With the images removed, transcribe the listing that follows exactly.
** Opening Provided data block **
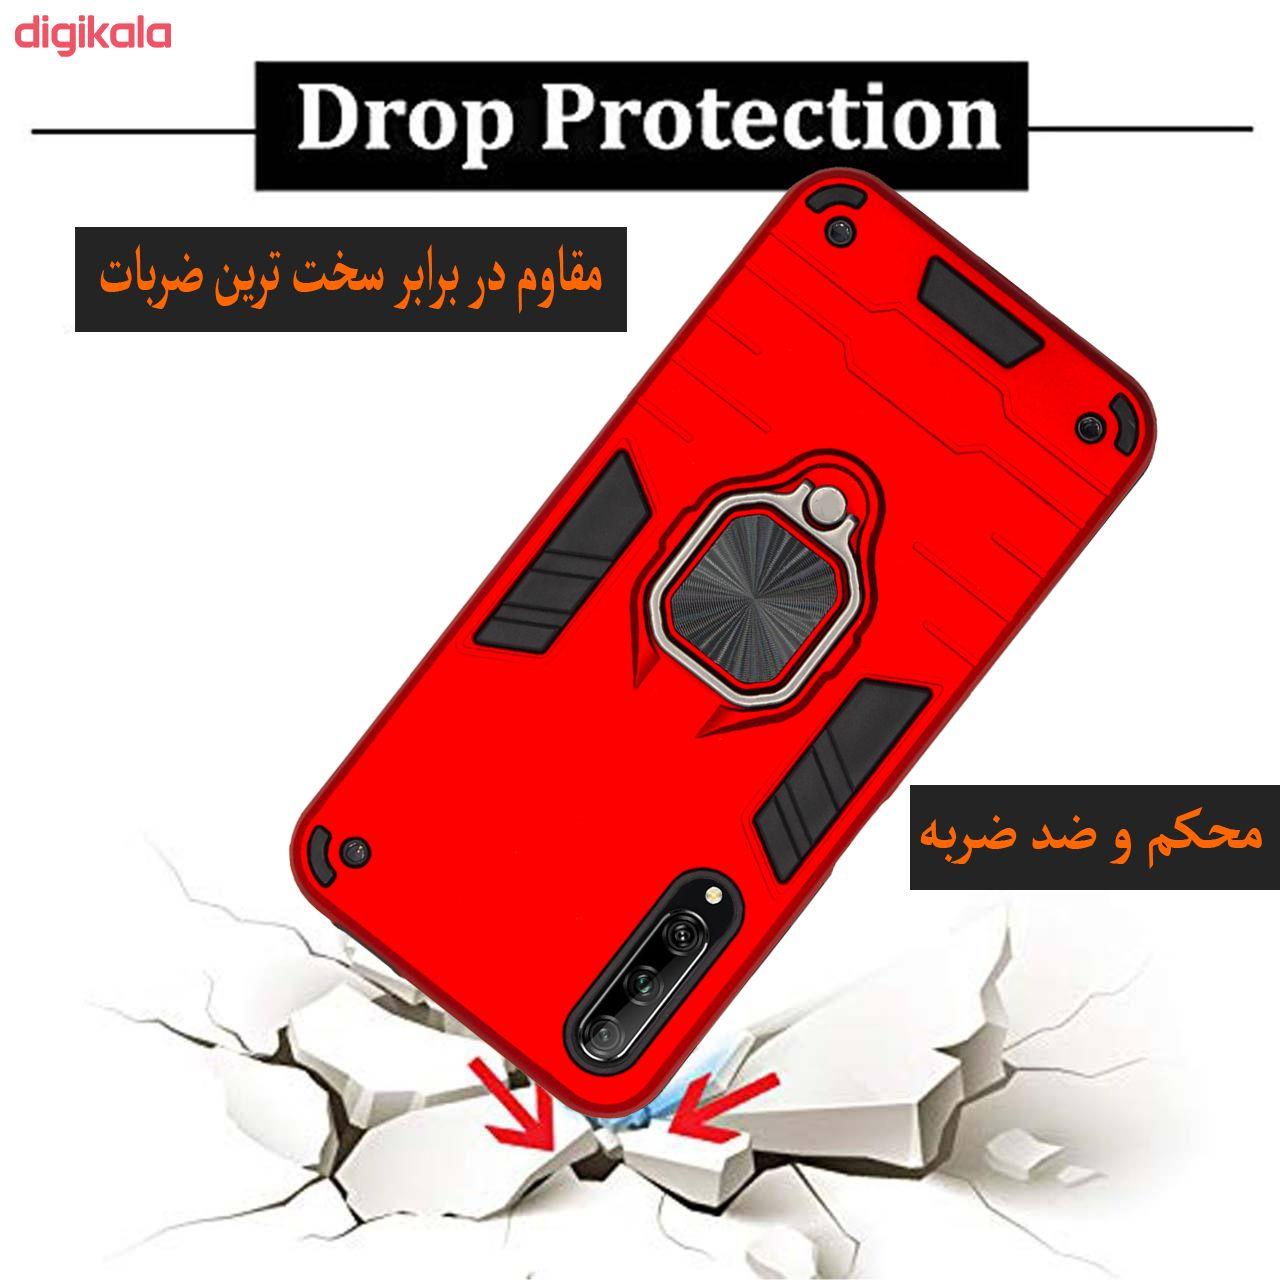 کاور کینگ پاور مدل ASH22 مناسب برای گوشی موبایل هوآوی Y9s main 1 3
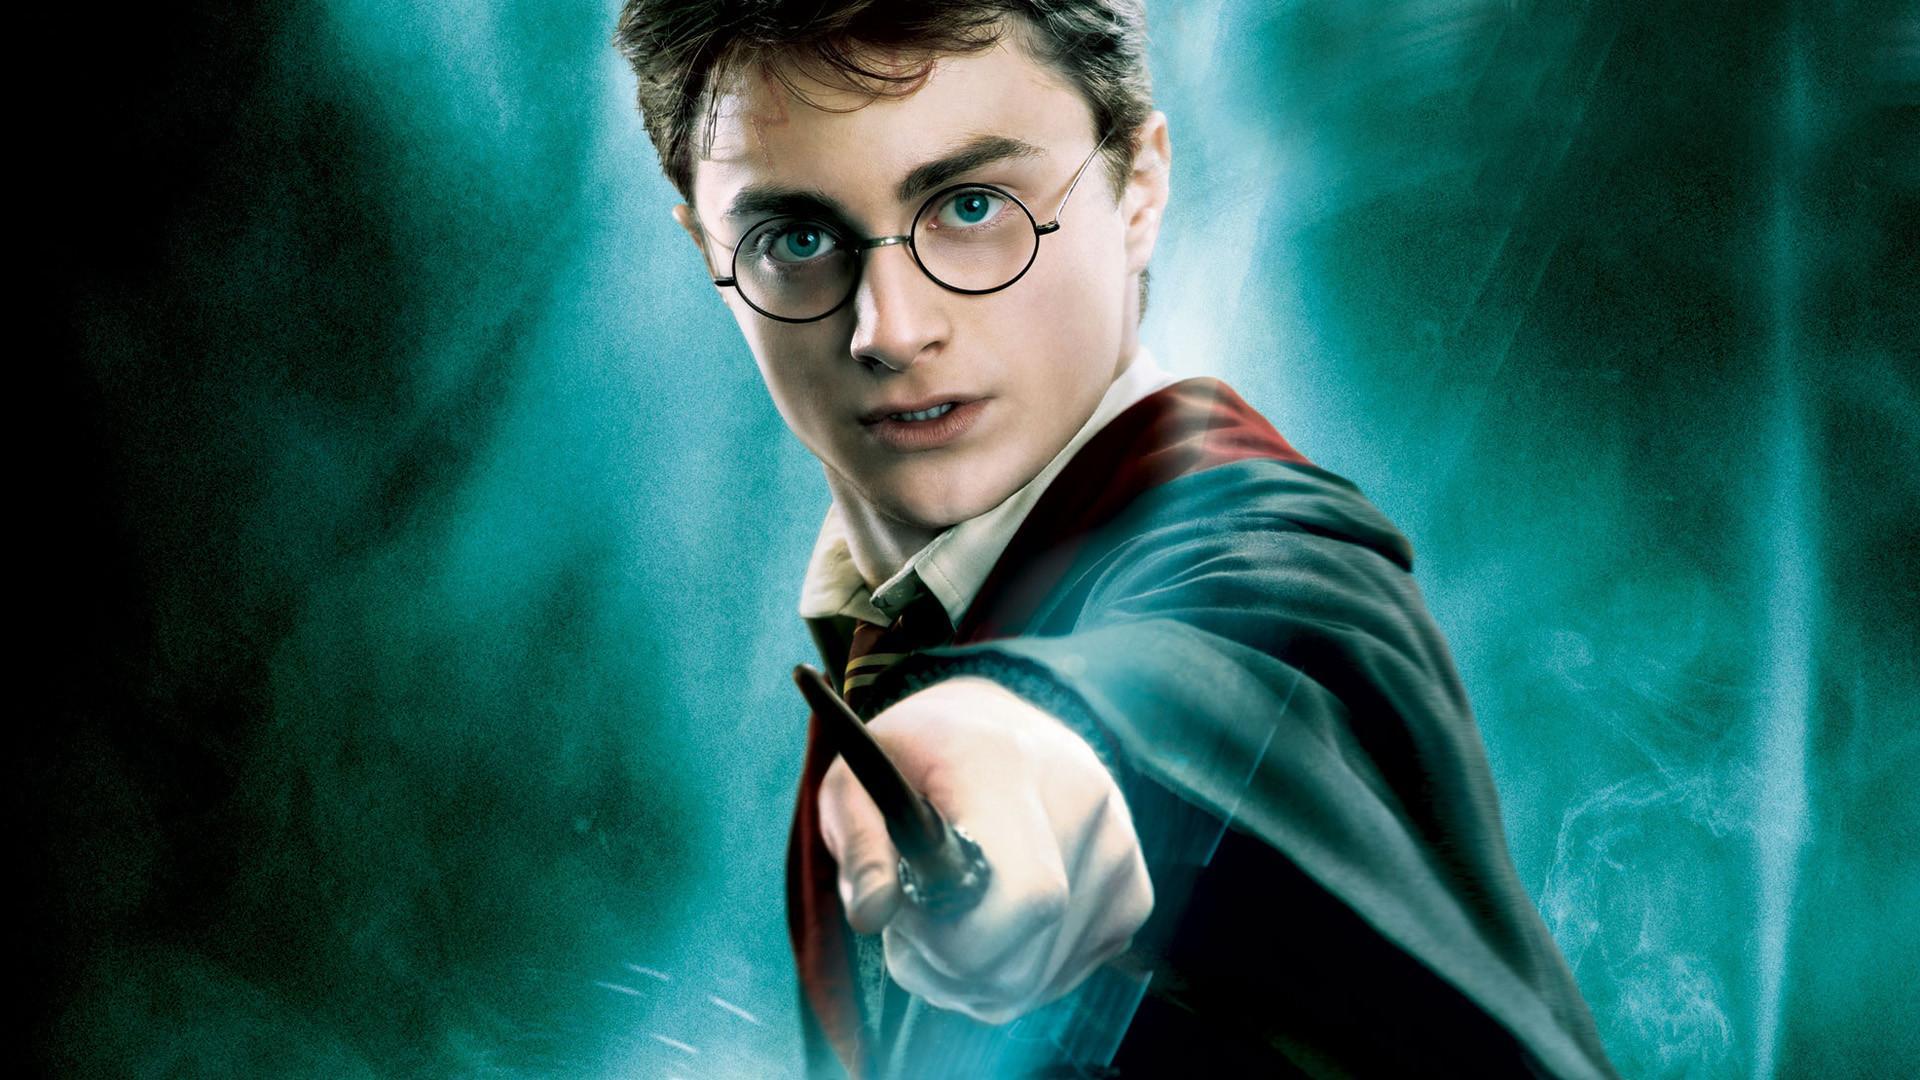 20 πράγματα που ίσως δεν ξέρατε για το Χάρι Πότερ για τα 20α γενέθλια του πρώτου βιβλίου
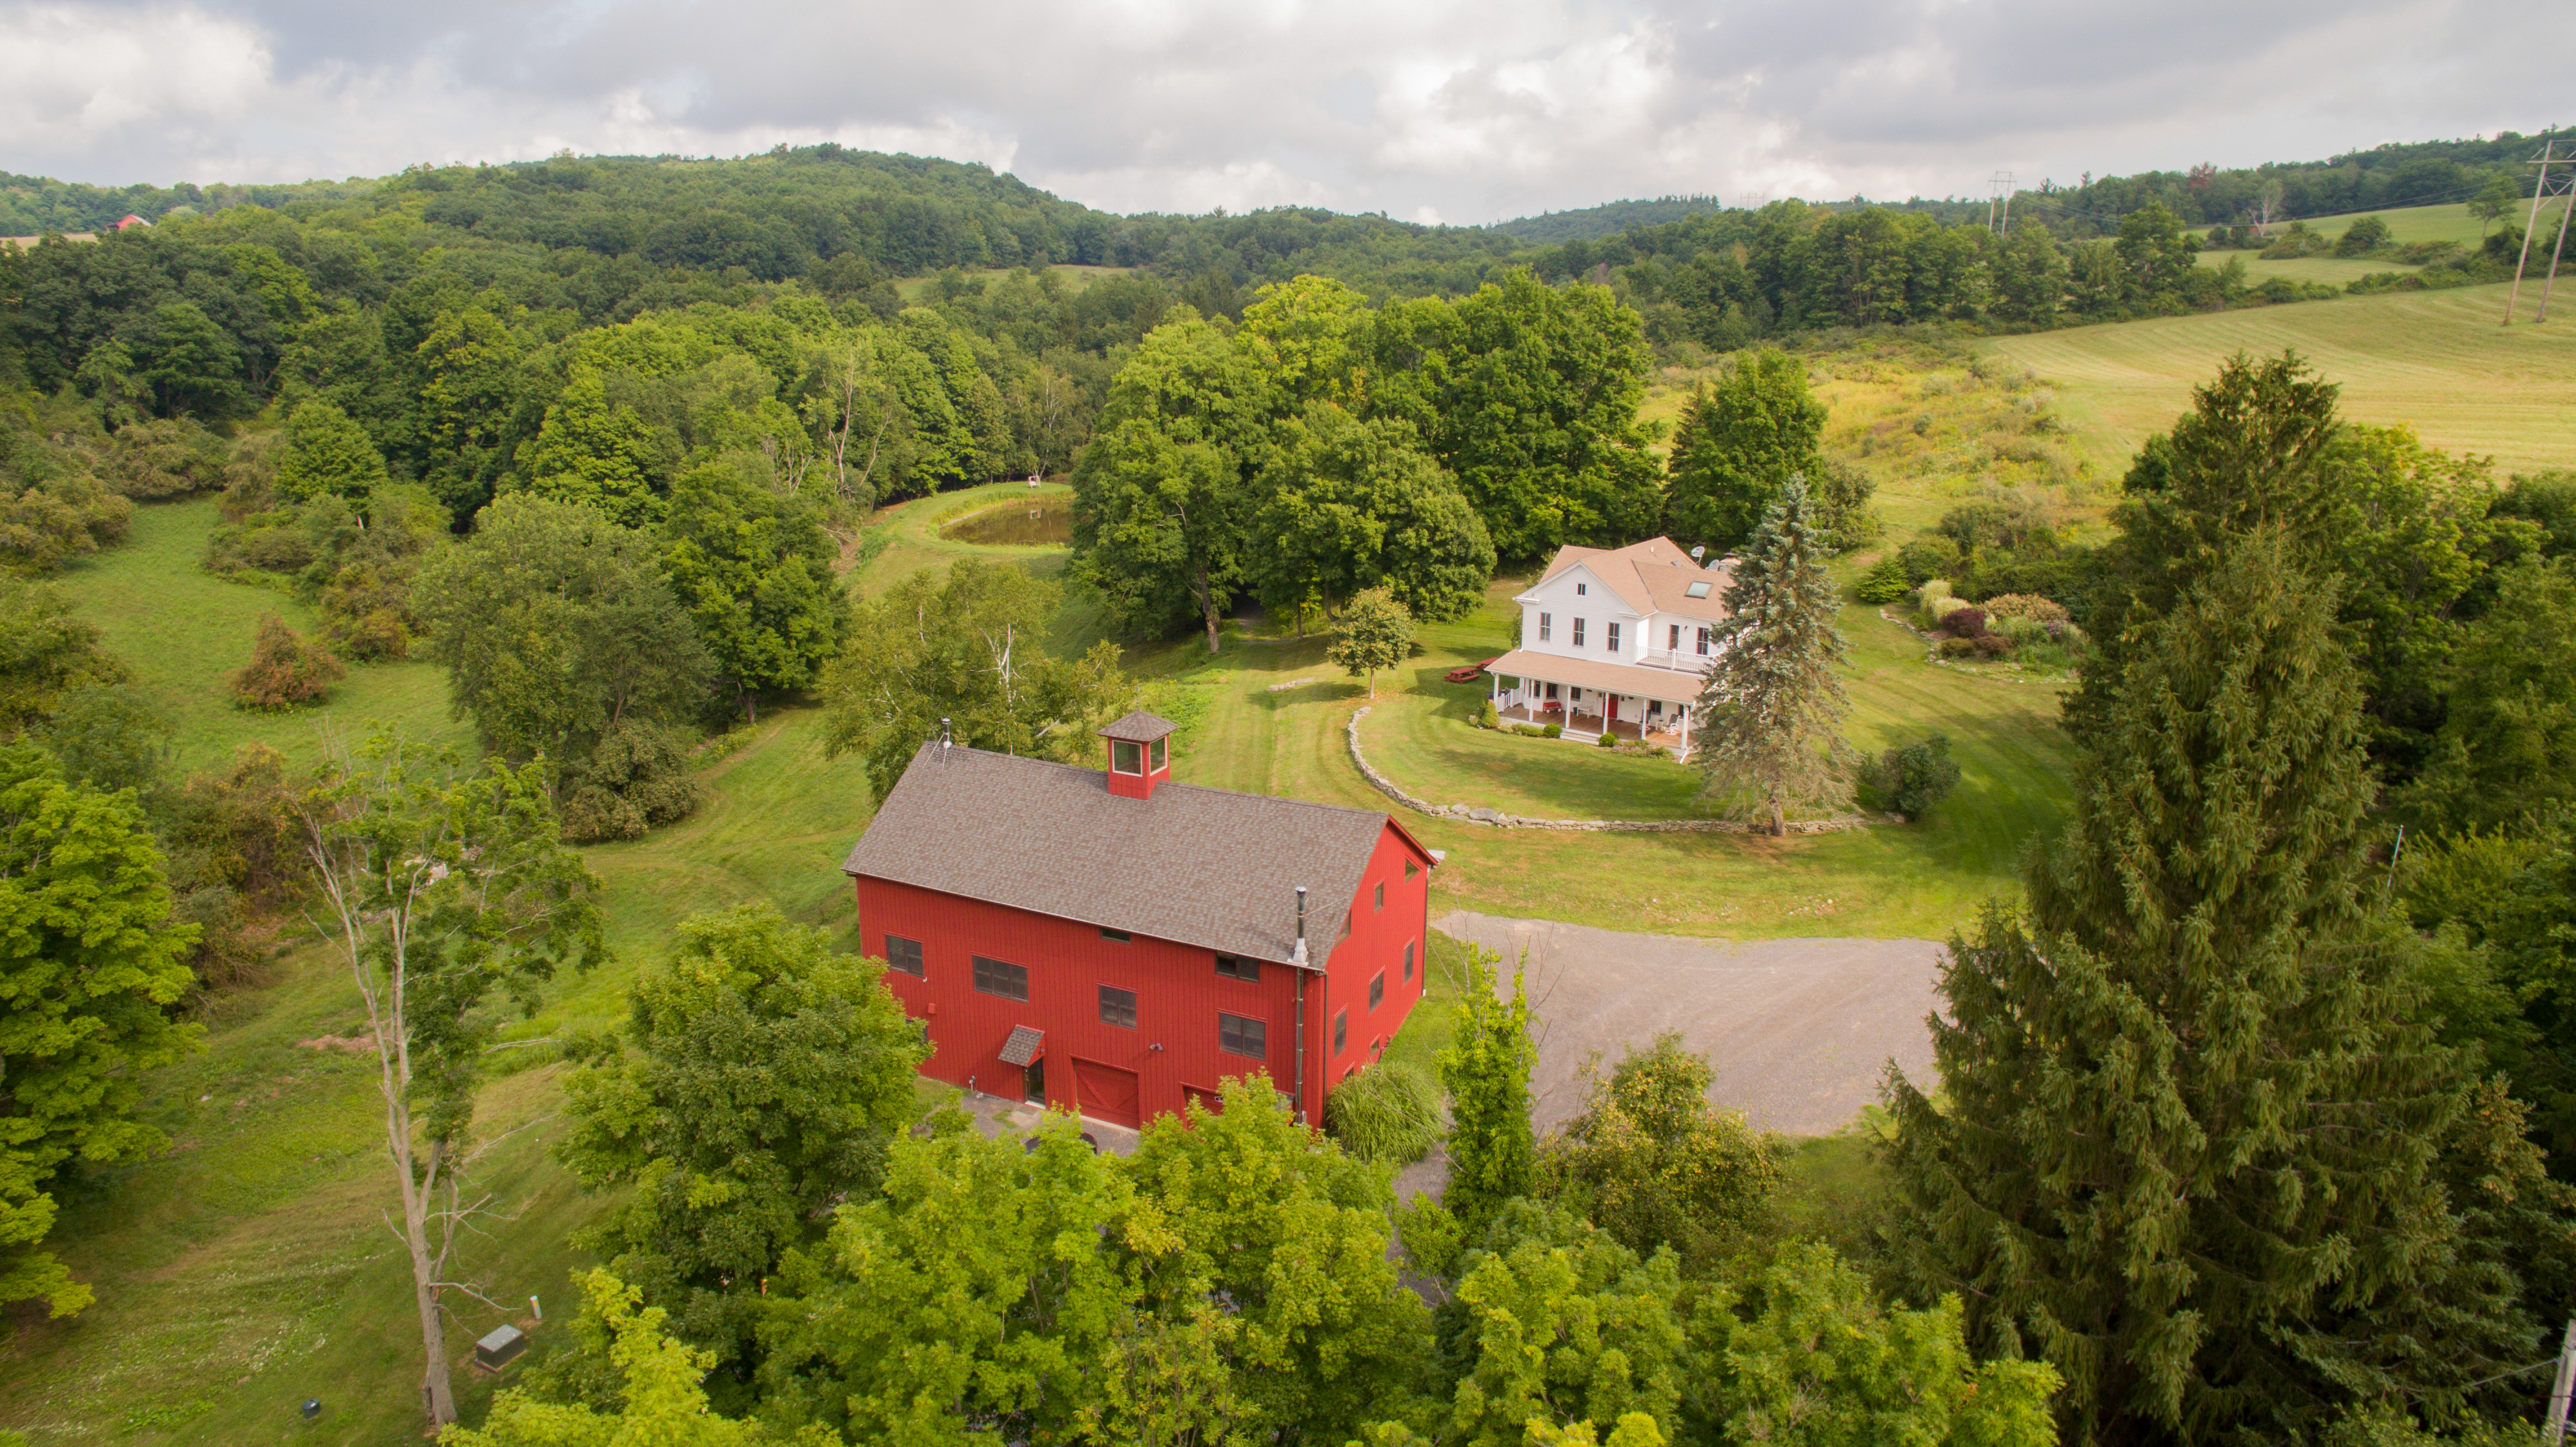 Casa Unifamiliar por un Venta en Farmhouse & Converted Barn on 50 Acres 153 Two Town Rd Hillsdale, Nueva York 12529 Estados Unidos
** Closing Provided data block **
### Task response
 کاور کینگ پاور مدل ASH22 مناسب برای گوشی موبایل هوآوی Y9s main 1 3
 20 πράγματα που ίσως δεν ξέρατε για το Χάρι Πότερ για τα 20α γενέθλια του πρώτου βιβλίου
 Casa Unifamiliar por un Venta en Farmhouse & Converted Barn on 50 Acres 153 Two Town Rd Hillsdale, Nueva York 12529 Estados Unidos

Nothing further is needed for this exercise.